Black News Hour: Meet Shavel’le Olivier, executive director of Mattapan Food and Fitness Coalition

By Tiana Woodard Globe Staff,Updated July 22, 2022, 6:13 p.m.


Shavel'le Olivier of the Mattapan Food & Fitness Coalition.NILE SCOTT STUDIOS


Health and wellness is Shavel’le Olivier’s love language.

As executive director of the Mattapan Food and Fitness Coalition, Olivier leads efforts to make fresh, healthy food and safe, recreational activity available to everyone. While running the local nonprofit, she also strives to engage youth in Boston’s bureaucratic process with the consulting agency Consult LeLa.

Black News Hour asked Olivier about her passions and upcoming projects.

This interview has been edited for length and clarity.

BG: What led you to the work that you do today? SO: My twin sister and I moved in with my dad in Mattapan when we were 12, and I did a job interview with the Mattapan Food and Fitness Coalition when I was about 17 and was hired. I was introduced to politics, community engagement, biking, transportation, and what it means to be an advocate. I became the executive director in 2019. In 2011, MFFC’s Vigorous Youth [team] created Mattapan on Wheels [Bike-a-Thon]. But little did I know this event would expose me to the transportation world. I worked at a transportation advocacy organization called LivableStreets Alliance, and I’d go to these different meetings where organizations were making decisions about transportation. It was really a learning curve to [learn] the lingo they use, and it felt like they were having a hard time connecting with communities of color. They were always [trying to figure out why they] can’t connect [to people like] me, and I wondered why. So I created T-Talks, a way for BIPOC communities, as well as Mattapan, Dorchester, and Roxbury residents, to learn and talk about these issues.

Chavella Lee-Pacheco and I started helping the City of Boston with communication. After a year of doing that, Chavella and I said, ‘Let’s start [Consult LeLa].’ That’s how I got here.

BG: How have these roles changed you? SO: My advisory board at MFFC became a family who helped me. They mentored me and took the time to teach me the history of the Mattapan community. Without these experiences, I wouldn’t be where I am.

BG: What comes to mind when you hear the word ‘Mattapan’? SO: Love. Mattapan has this negative stereotype and every time you look on the news, it’s nothing positive. We can’t control structural racism, it was just placed upon us. Another word is togetherness. Mattapan residents do care about what’s happening in the neighborhood. They may not have the lingo that those with decision-making power have, but they do have the experiential knowledge about their own community.

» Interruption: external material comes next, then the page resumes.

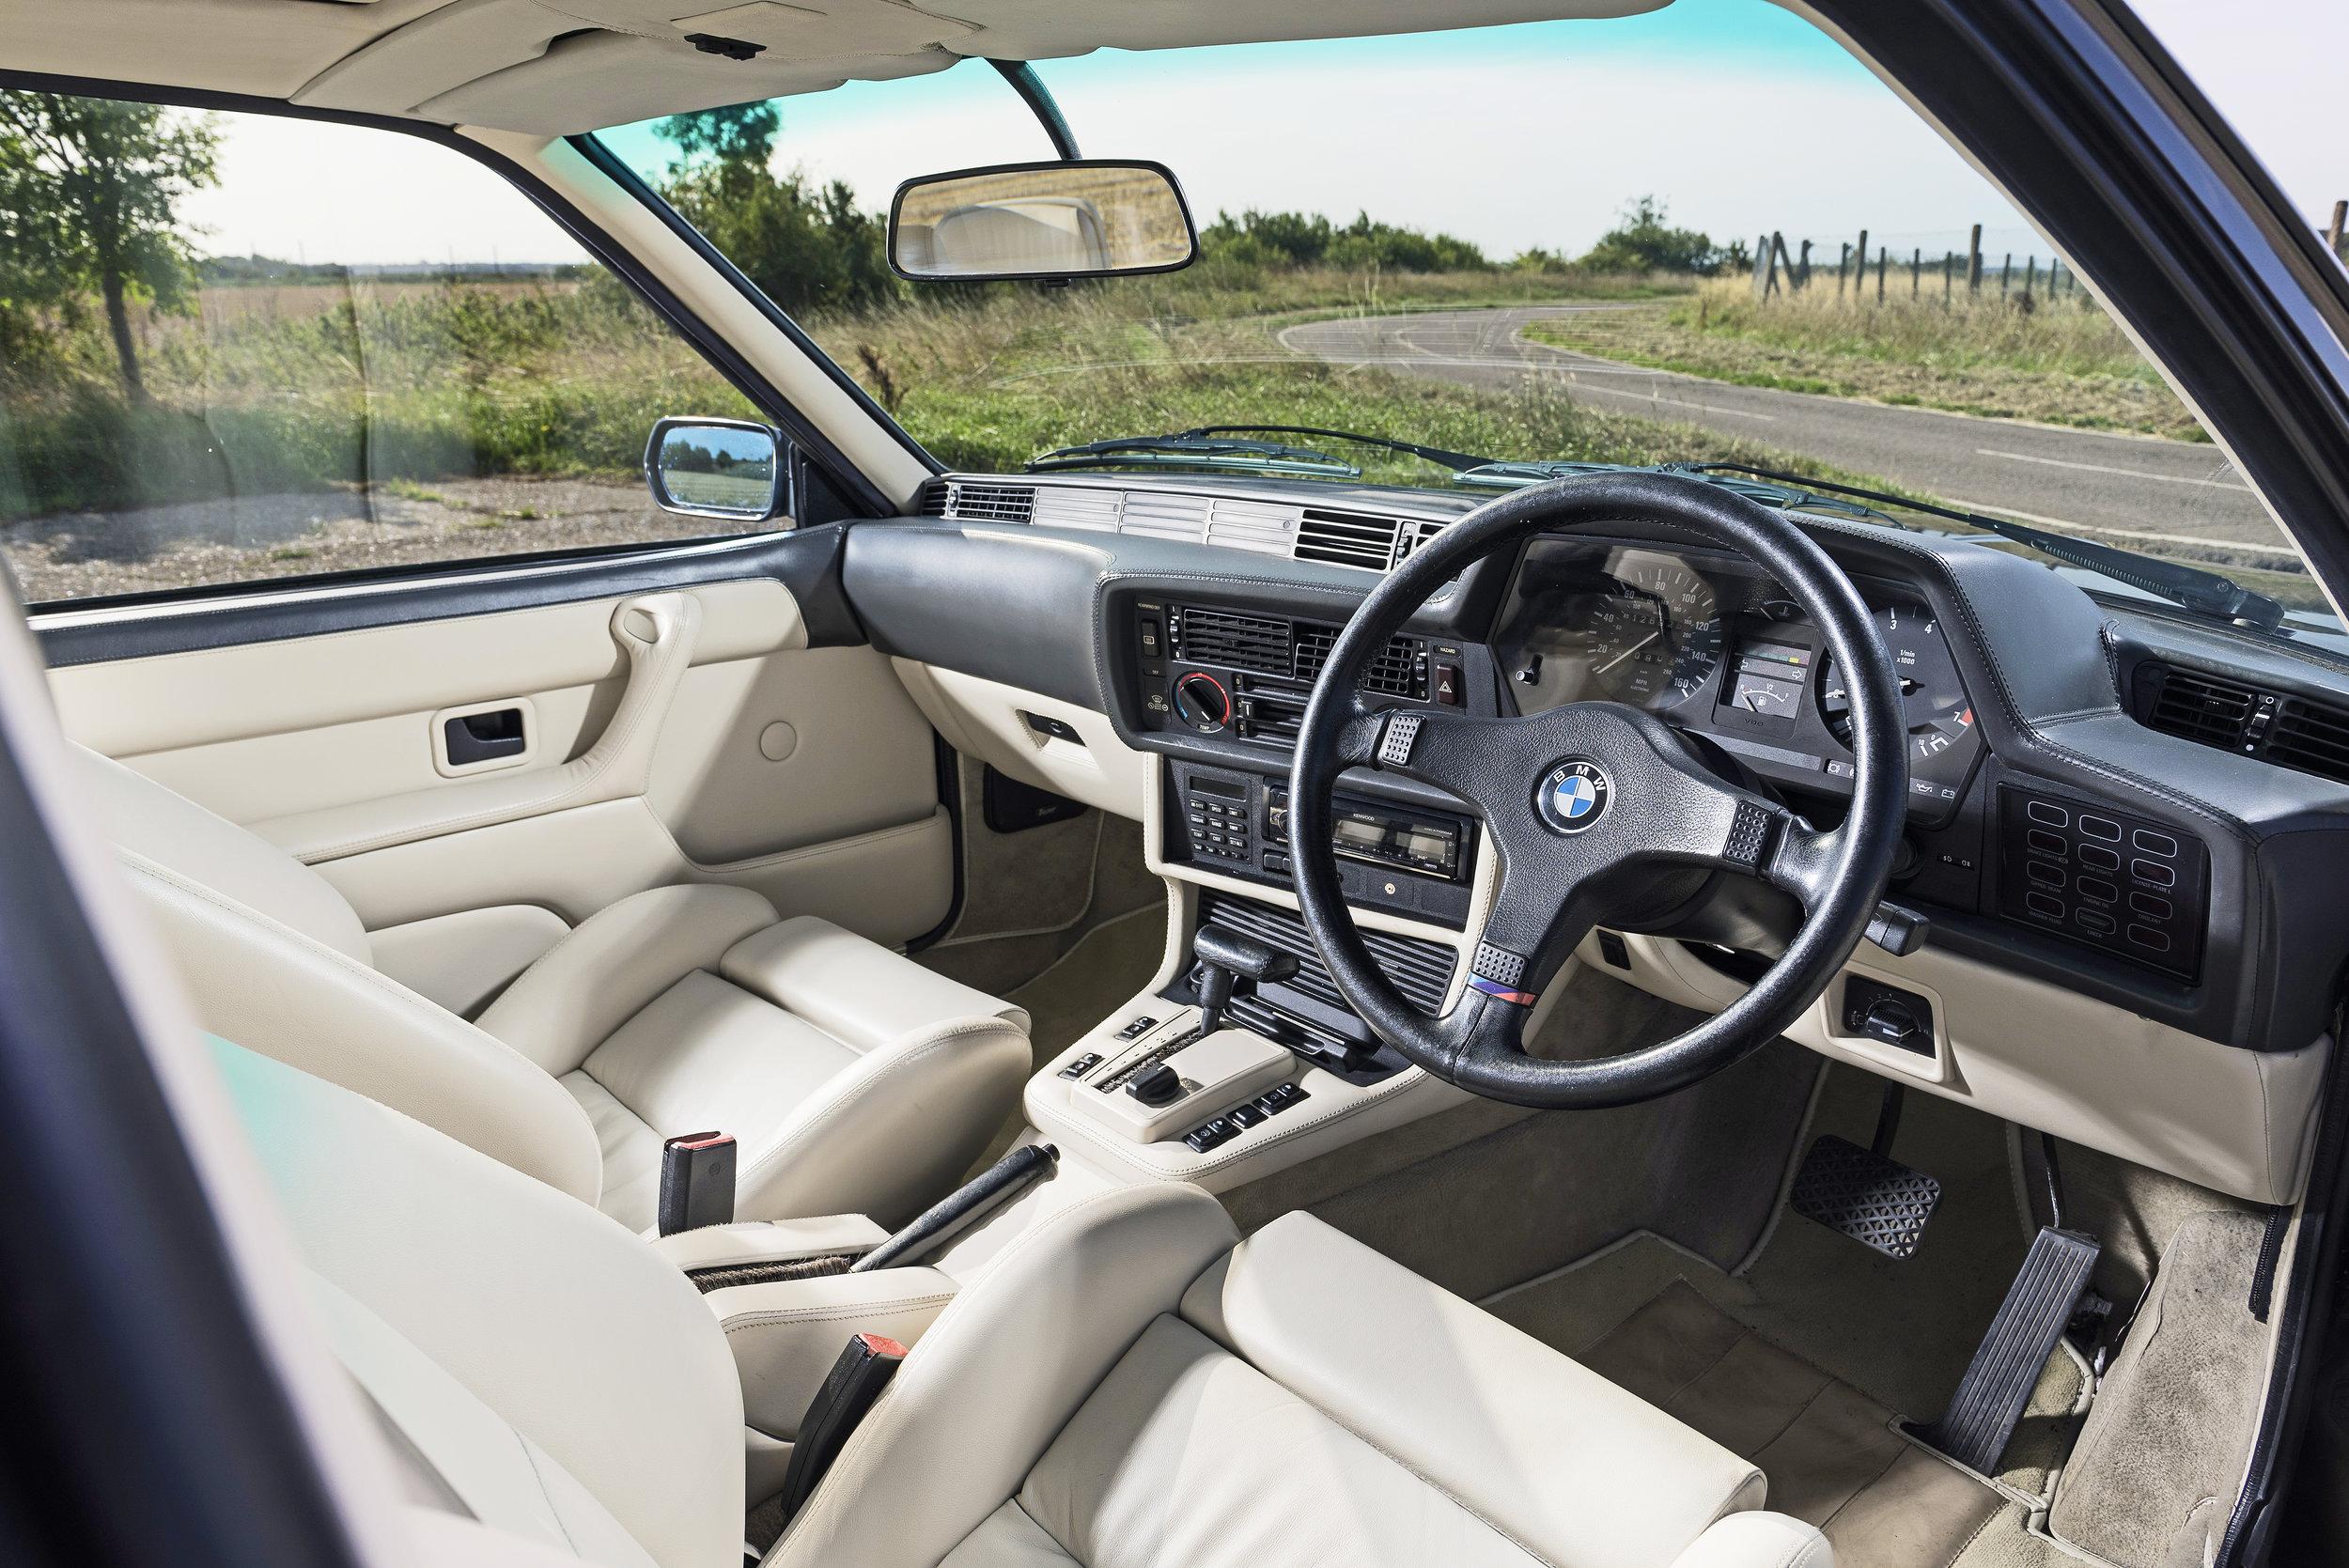 modernclassics-BMW-635i-Mercedes-E320-jordanbutters-2.jpg

BG: What upcoming events should people keep on their radar? SO: The Mattapan Square Farmer’s Market will be at the corner of Fairway [Street] and Cummins Highway every Saturday from 10 a.m. to 1 p.m. until Oct. 29. We’re [also] hosting our annual Mattapan on Wheels event on July 23.

We’ve also partnered with SPARK Boston to host a social at Kay’s Oasis on July 28.

BG: What’s a fun fact people might not know about you? SO: I biked 400 miles to Canada.